# Inequalities and area

Find the area of the region which contains all the points satisfying the inequalities $|x-2y|+ |x+2y|\leq 8$ and $xy\geq 2$.

My attempt- I considered the case when $x>2y$.the second inequality gives $2y^2\geq 2$,which gives $y^2\geq 1$. And first inequality reduces to $2x\leq 8$, $x\leq 4$. After all this I could not proceed and am far behind the numerical answer of $2(6-2\ln 4)$ sq. units.

Well, let's first think of the boundary $\left|x-2y\right|+\left|x+2y\right|=8$.

Case 1: $x\geq2y$ and $x\geq-2y$

$$\left|x-2y\right|+\left|x+2y\right|=2x=8$$ Case 2: $x\leq2y$ and $x\geq-2y$

$$\left|x-2y\right|+\left|x+2y\right|=4y=8$$

Case 3: $x\leq2y$ and $x\leq-2y$

$$\left|x-2y\right|+\left|x+2y\right|=-2x=8$$

Case 4: $x\geq2y$ and $x\leq-2y$

$$\left|x-2y\right|+\left|x+2y\right|=-4y=8$$

Piecing it all together, we have the lines $x=4$, $x=-4$, $y=2$, $y=-2$, which are cut into line segments by the lines $2y=x$ and $2y=-x$. These line segments come together to form a $8\times4$ rectangle centered at the origin. The region $\left|x-2y\right|+\left|x+2y\right|\leq8$ is the interior of this rectangle.

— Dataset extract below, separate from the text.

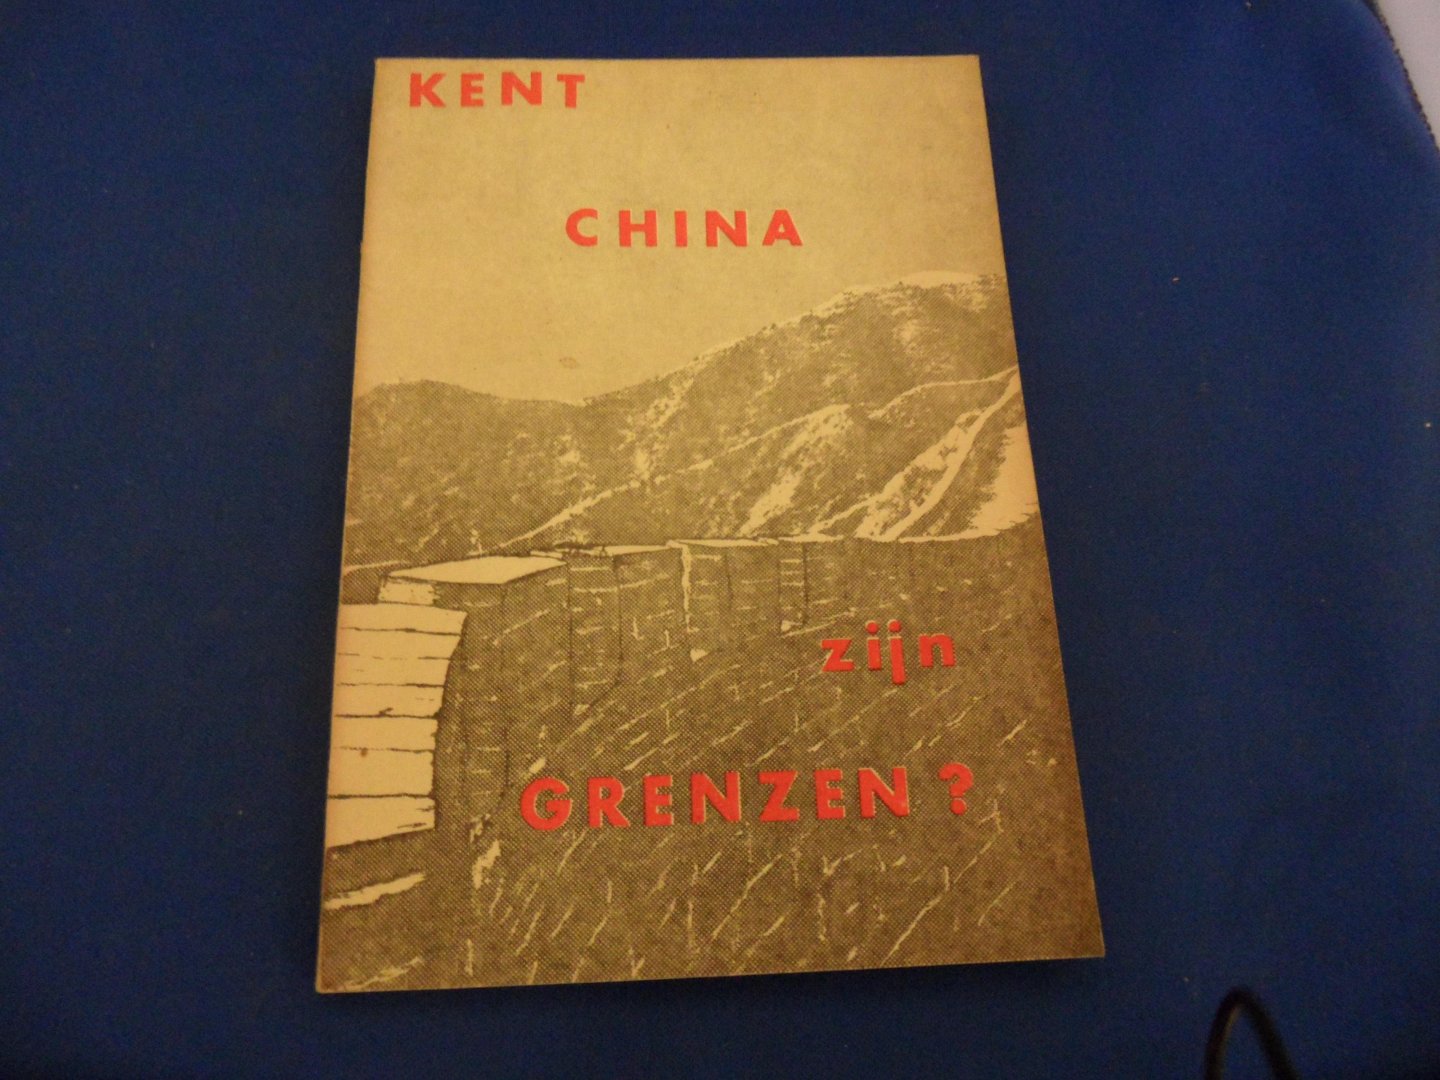 Linden, Wim J. van der (red) - Kent China zijn grenzen?

So our graph looks something like this: We need to find the intersection of the blue and red areas. We can just find the area of the upper right intersection, and then multiply the result by $2$. Note that the blue and red graphs intersect in the first quadrant at $(1,2)$ and $\left(4,\frac{1}{2}\right)$. Consider a rectangle with vertices $(1,2)$, $(1,0)$, $(4,0)$, and $(4,2)$. Note that it has an area of 6. Note that the area of the aforementioned rectangle minus the upper left intersection area is equal to $\int_1^4 \frac{2dx}{x}=2\ln(4)-2\ln(1)=\ln(4)$. So the area of one intersection is $6-2\ln(4)$, and our final answer is $2(6-2\ln(4))=12-4\ln(4)$.

Alternative approach.

We change the variables: let $u=x-2y$ and $v=x+2y$. Then $x=(u+v)/2$, $y=(v-u)/4$. Moreover the domain $$D=\{(x,y): |x-2y|+ |x+2y|\leq 8, xy\geq 2\}$$ is trasformed into $$D'=\{(u,v): |u|+ |v|\leq 8, v^2-u^2\geq 16\}$$ with a factor of transformation $|\partial(x,y)/\partial(u,v)|=1/4$.

Hence the area is $$\iint_D dx dy=\frac{1}{4}\iint_{D'}dudv=\frac{4}{4}\int_{u=0}^3\int_{v=\sqrt{16+u^2}}^{8-u}dv du\\=\int_{u=0}^3\left(8-u-4\sqrt{1+(u/4)^2}\right)du=12-4\ln(4).$$

We divide the region into four cases, namely

(i) $x-2y\ge0$, $x+2y\ge0$, (ii) $x-2y\ge0$, $x+2y\le0$, (iii) $x-2y\le0$, $x+2y\ge0$ and (iv) $x-2y\le0$, $x+2y\le0$.

For (i), the region is $x-2y+x+2y=2x\le8$, viz. $x\le4$, $x-2y\ge0$, $x+2y\ge0$ and $xy\ge2$. For (iii), the region is $x+2y-x+2y=4y\le8$, viz. $y\le2$, $x-2y\le0$, $x+2y\ge0$ and $xy\ge2$. Thus (i) and (iii) combined form the region $\{(x,y):1\le x\le4,2/x\le y\le2\}$, which has an area of $$\int^4_1\left(2-\frac{2}{x}\right)dx=6-2\log 4.$$ By symmetry, the regions (ii) and (iv) combined has an area of $6-2\log 4$ also. Hence the numerical answer of $2(6-2\log 4)$.